Ensuite, on commence à observer des joueurs plus tactiques, qui arrivent à trouver des zones beaucoup plus précises, avec des coups courts-croisés, des tactiques construites pour gagner le point. Ces joueurs-là arrivent à accélérer la balle pour sortir leur adversaire du court. Être bon au tennis, ce serait donc être 15/3 et mieux ? On peut dire ça. D’ailleurs, pour devenir entraîneur de tennis professionnel, il faut atteindre le niveau 15/2, sésame obligatoire pour passer le diplôme d’Etat de moniteur de tennis.

Le cas de Bob Sinclar, DJ et joueur de tennis amateur

Bob Sinclar a commencé à jouer au tennis à l’âge de 8 ans. Après s’y être remis une fois adulte, il a raconté s’être lancé dans un tournoi Open en étant non classé. Il a expliqué avoir réussi à passer un certain nombre de tours jusqu’à 15/4. Pour beaucoup de tennismen amateurs, ce qu’a fait Bon Sinclar est déjà une énorme performance, et on peut considérer qu’il est « bon au tennis ».

Mais, ce professionnel du mixage est particulièrement humble et se considère seulement comme « pas ridicule ». Alors, simple trait d’humilité ou frontière dans le classement ? Être bon au tennis, c’est peut-être aussi avoir un coup fort, maîtrise que l’on obtient souvent au début de la seconde série, à partir des classements 4/6 – 3/6.

être bon au tennis

Conclusion : être bon au tennis, une notion complexe

Vous l’avez compris, être bon au tennis est une notion fluctuante.

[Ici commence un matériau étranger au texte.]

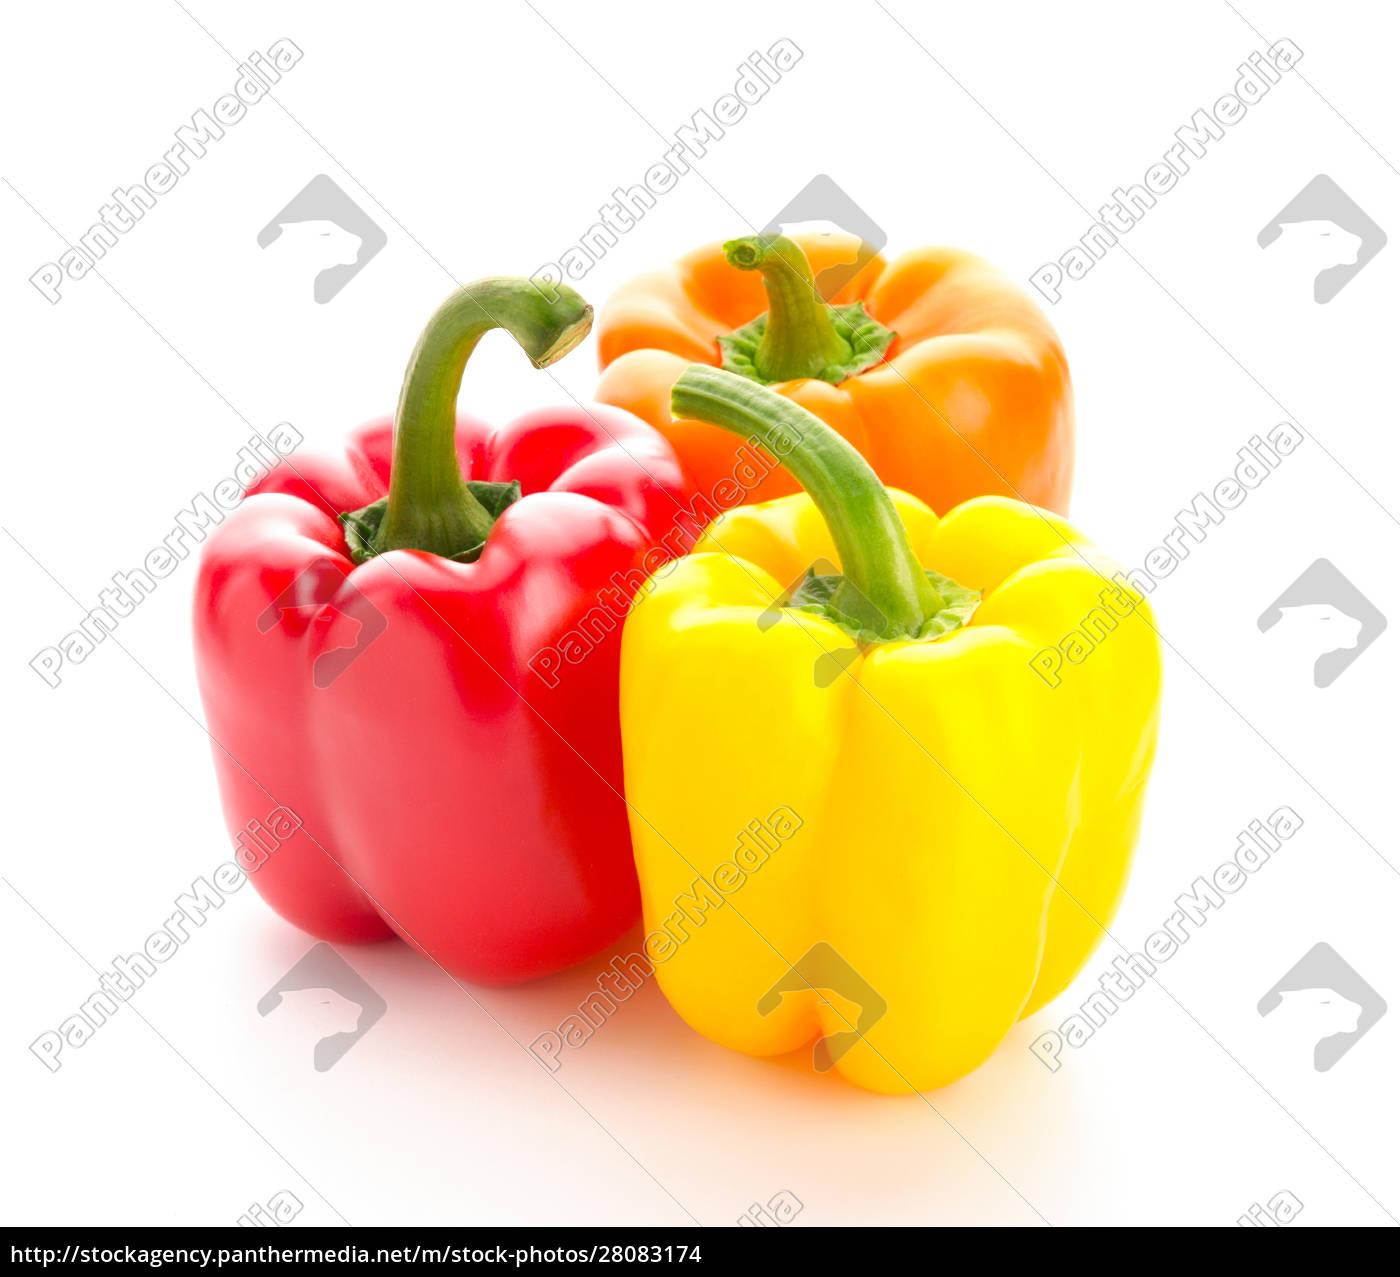 pepper - 28083174

Tout dépend de ce que vous entendez derrière cette définition. Pour vous répondre, nous avons beaucoup évoqué le classement. Mais, retenez que celui-ci n’est pas une valeur absolue, et qu’un 15/5 peut être meilleur qu’un 15/4.

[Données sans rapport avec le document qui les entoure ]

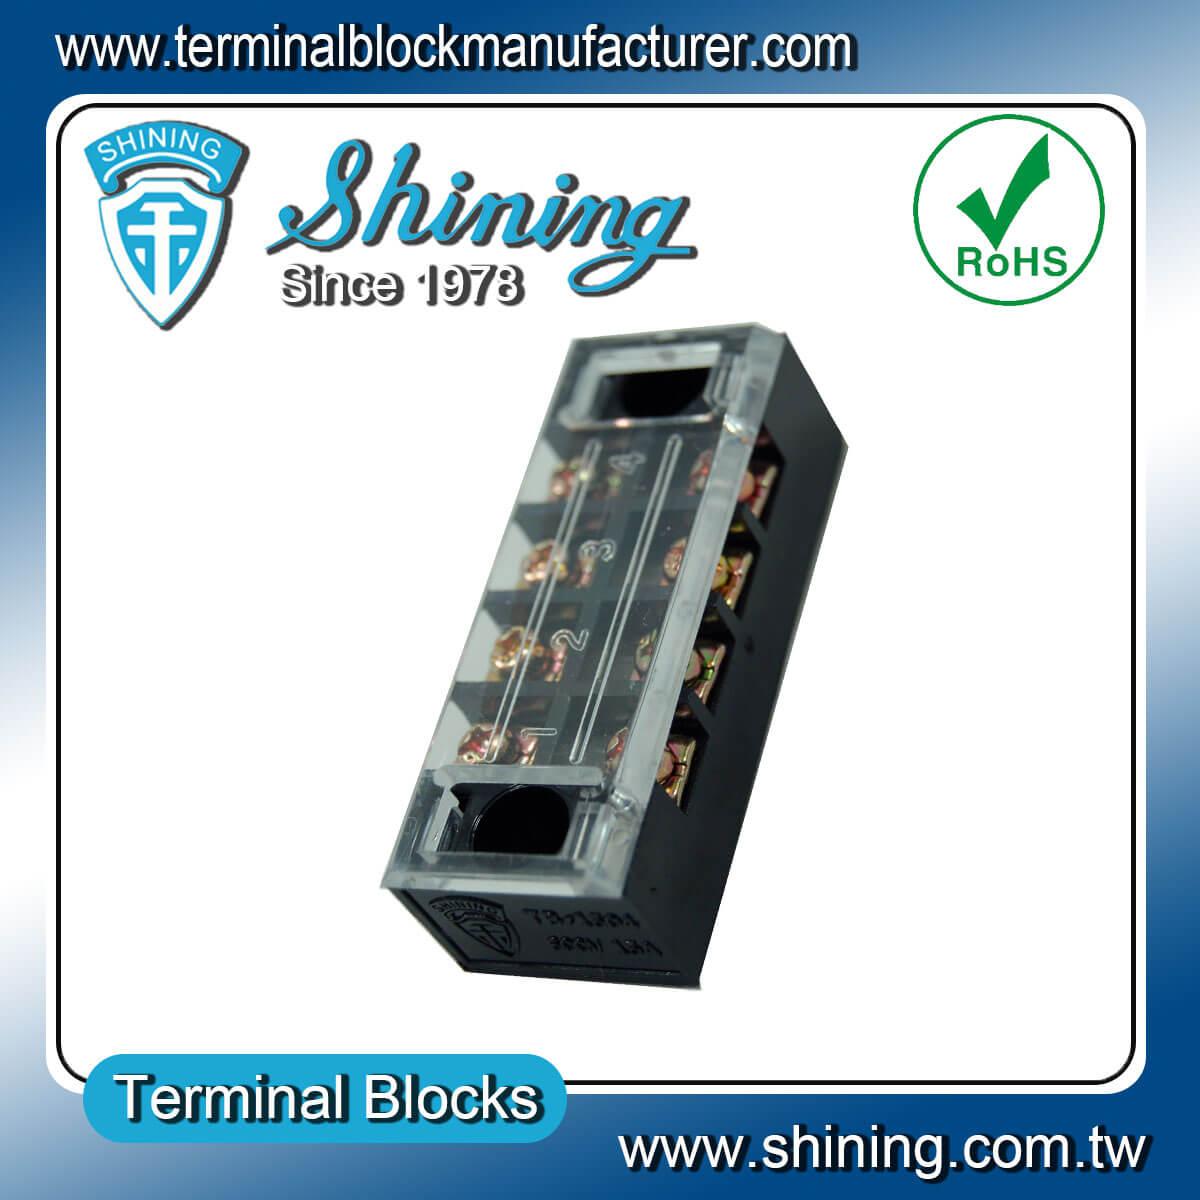 TB-3504 600V 35A 4Pole固定式柵欄端子台

Pour s’en rendre compte, il n’y a qu’à voir le concept lancé par Remeli Tennis sur Youtube, qui se développe de plus en plus. Il s’agit de deviner pour le vidéaste le classement d’une personne en train de jouer au tennis sur une vidéo. Le grand nombre d’erreurs montre à quel point le classement ne correspond pas exactement à notre niveau en tennis, bien qu’il soit un précieux indicateur.